The Dogs and Demons have embodied the spirit of fearless football throughout their different paths to this year's grand final.

But to Lee, both clubs showed their willingness to take one big risk when they were in the AFL doldrums some eight years ago.

In 2013, Melbourne's AFL team finished 17th while the Bulldogs weren't much better, landing in 15th.

But that year, those two AFL clubs pioneered top-level women's football by holding a draft, then an exhibition match - an initiative that grew over the following three seasons and led to the AFLW in 2017.

"(When you look at) where both clubs were at the time this initiative was put on the table, I'm sure there were internal conversations around 'well we need to get our investment right in our men's program before we bring a women's football team in,'" Lee told AAP.

"But just the intuition and the ability to do the right thing for the sport but also for the club, and clearly they could see a pathway of benefit to the club as well - growing supporter base, growing commercial assets.

"Now, that wasn't the main focus, but there was an opportunity for that to become an outcome.

"But equally, it was a risky business decision at the time, because we didn't have any data or understanding of what the outcome would be - (though) I was pretty sure what the outcome would be.

"But as a result, it's been phenomenal for both clubs and both clubs deserve that kudos, because they took a risk and they were foundation clubs and they should be celebrated for the creation of AFLW."

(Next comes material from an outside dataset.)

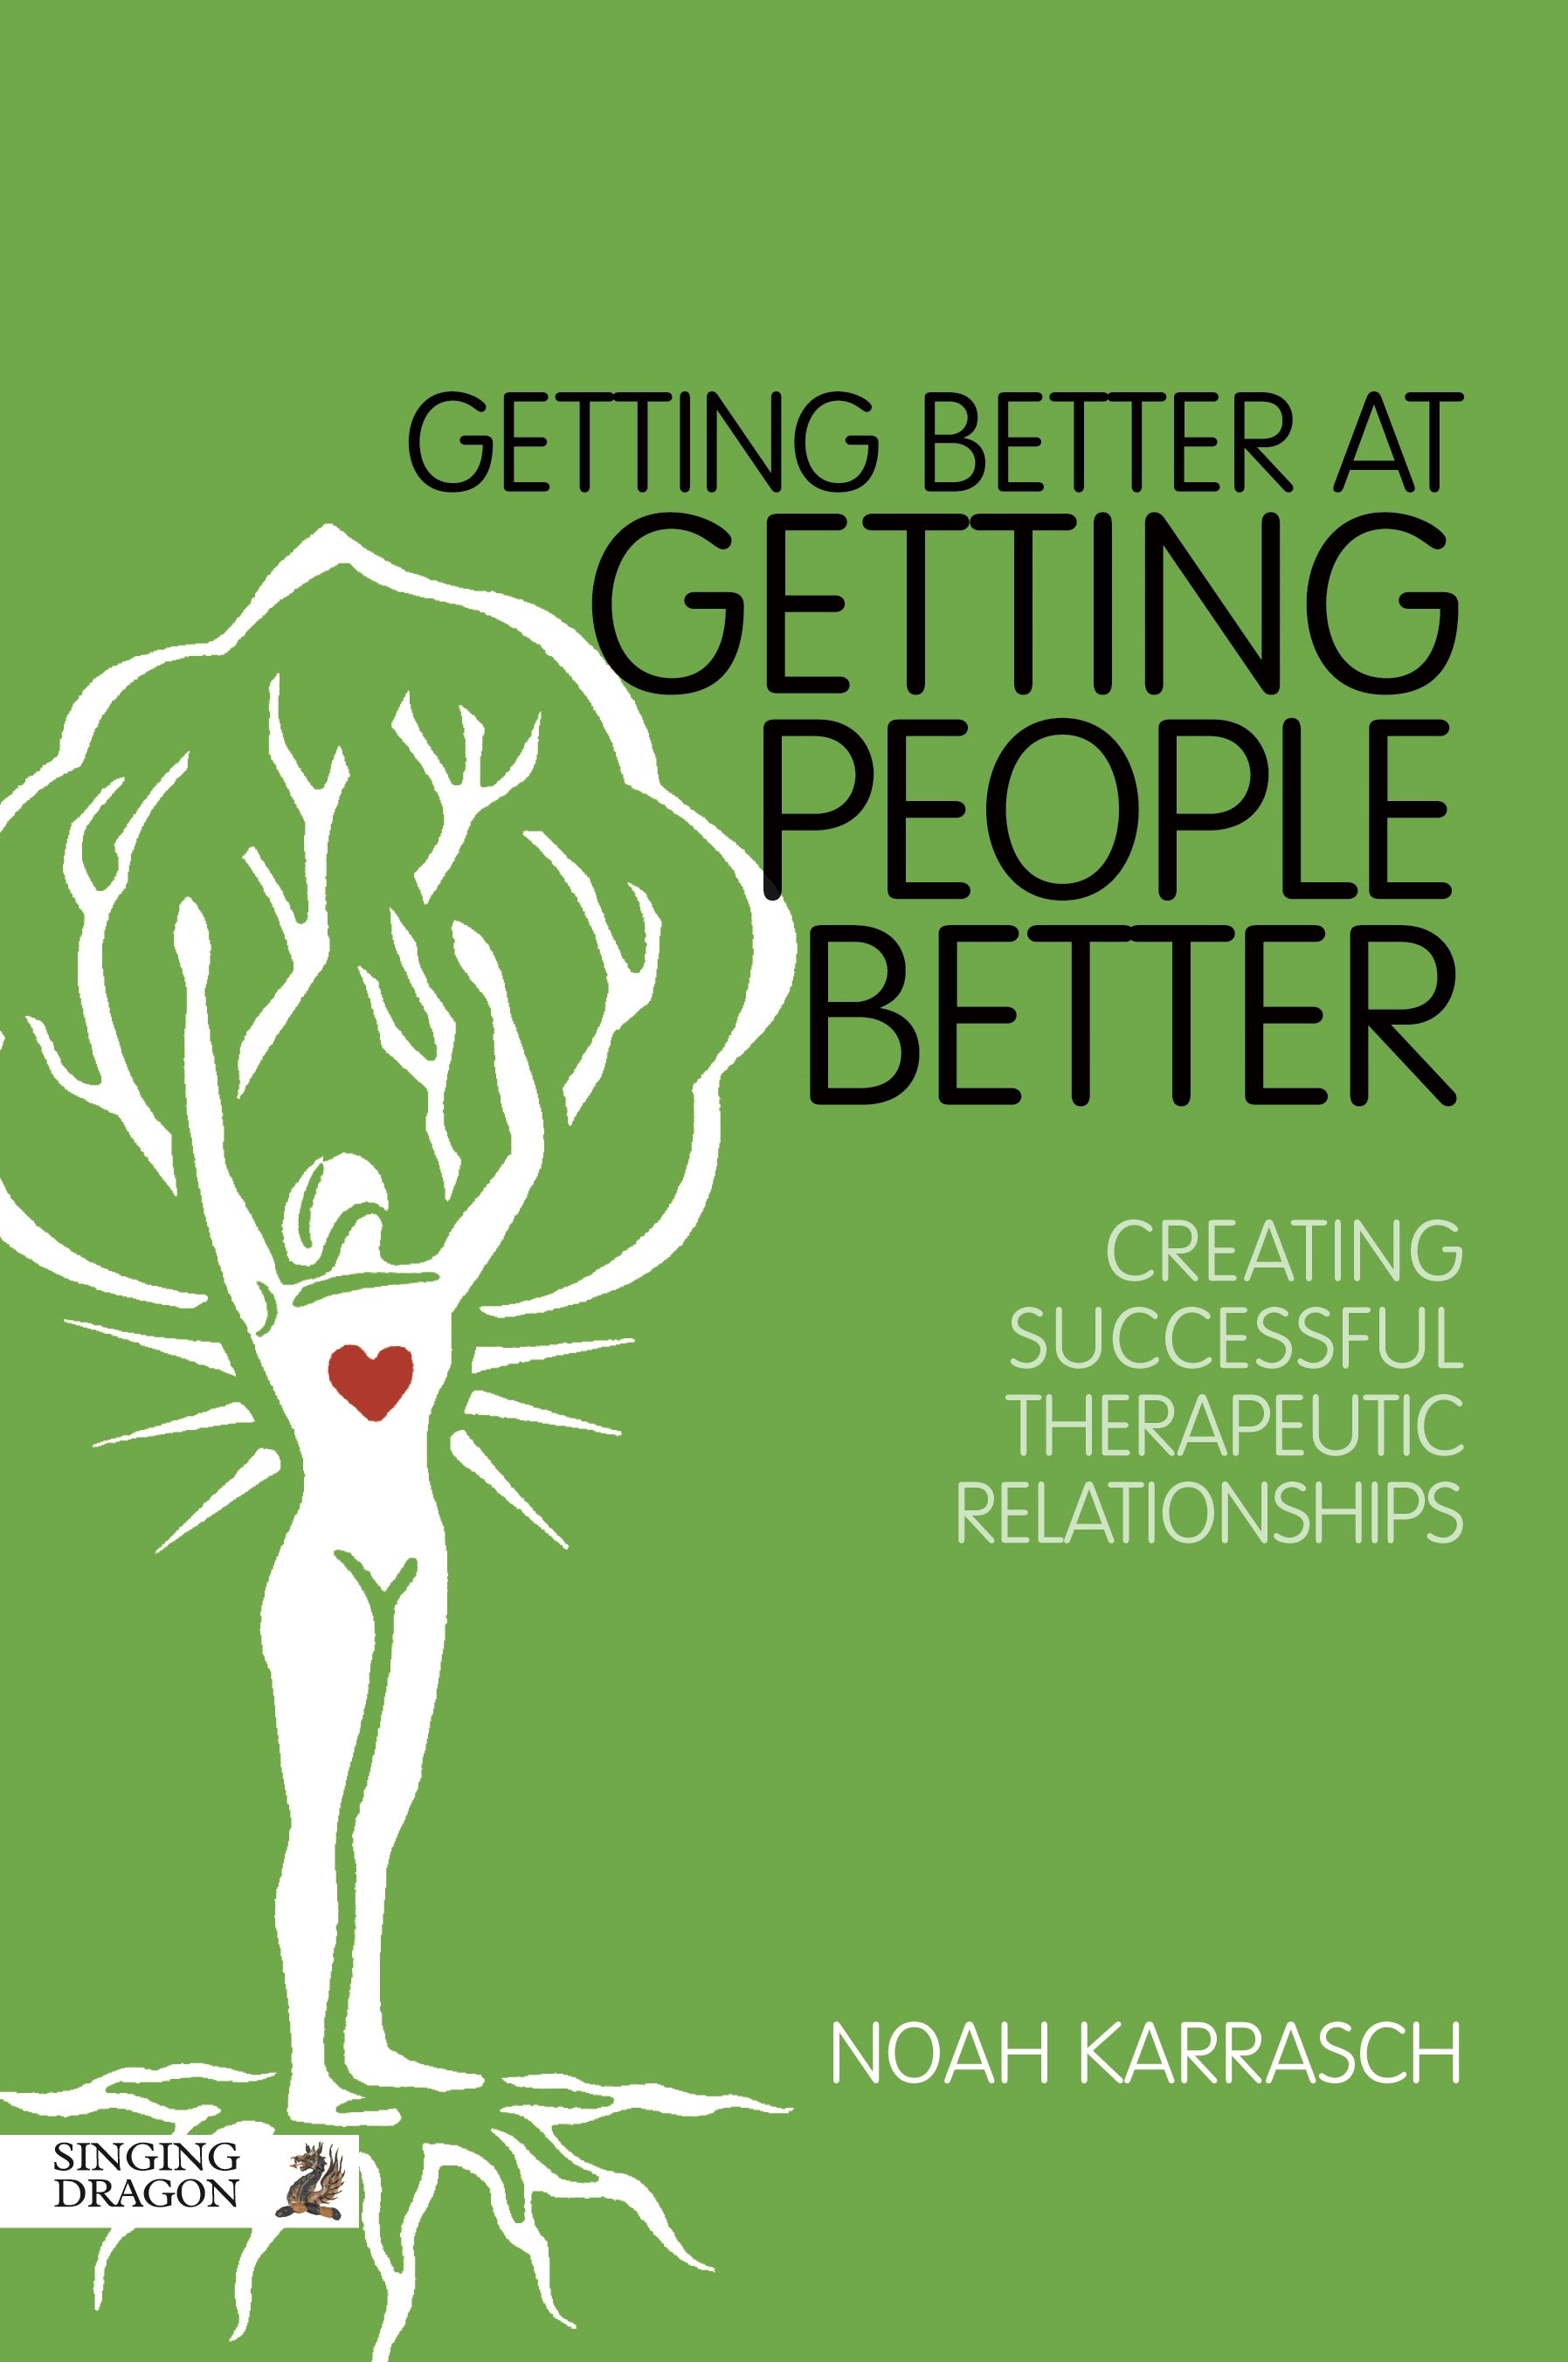 Getting Better at Getting People Better by Noah Karrasch

The Bulldogs have since won the 2016 AFL premiership and the 2018 AFLW premiership, while Melbourne have also come on in leaps and bounds, though success has eluded both the Demons' top teams.

But to Lee, the impact of concerted, genuine efforts to embrace the women's game on a club is intangible.

"Footy clubs are a snapshot of your community and now we've got a true representation of that," Lee said.

"We represent both genders, across four programs (AFL, AFLW, VFL, VFLW). It's a strength of the club, it's in terms of culture, it's fantastic in terms of the representation, the different lenses both programs bring, and the different learnings.

"Because you've got more people involved, different genders involved at the same time, there's a different perspective and a different lens and that only can benefit your organisation.

"... We've seen the outcomes the clubs that have had a women's team (gain) from an organisation point of view, an environment point of view and a revenue point of view - how that's been of benefit."

It will also be the first time two clubs with female presidents face off in the season decider.

Kylie Watson-Wheeler and Kate Roffey head up the Dogs and Demons respectively, joining Richmond's Peggy O'Neal as women in the top job.

It's something that doesn't surprise Lee, having seen first-hand the "genuine and authentic approach they've had to women in sport".

Lee was the Bulldogs' community manager from 2005-2008, then crossed to Melbourne in 2009 to head up their community program.

She drove women's football while at the Demons, then led their women's program, before returning to the Dogs as general manager of women's football in 2017.

Just weeks after becoming the first woman inducted into the AFL Hall of Fame, Lee, a legendary player and administrator in her own right, will relish watching the two clubs face off.

"Obviously I'm going for the Bulldogs - I'll make that very clear," Lee said.

"But they're two great clubs that really have shaped a different lens for football and had the ability to change what our football code looks like."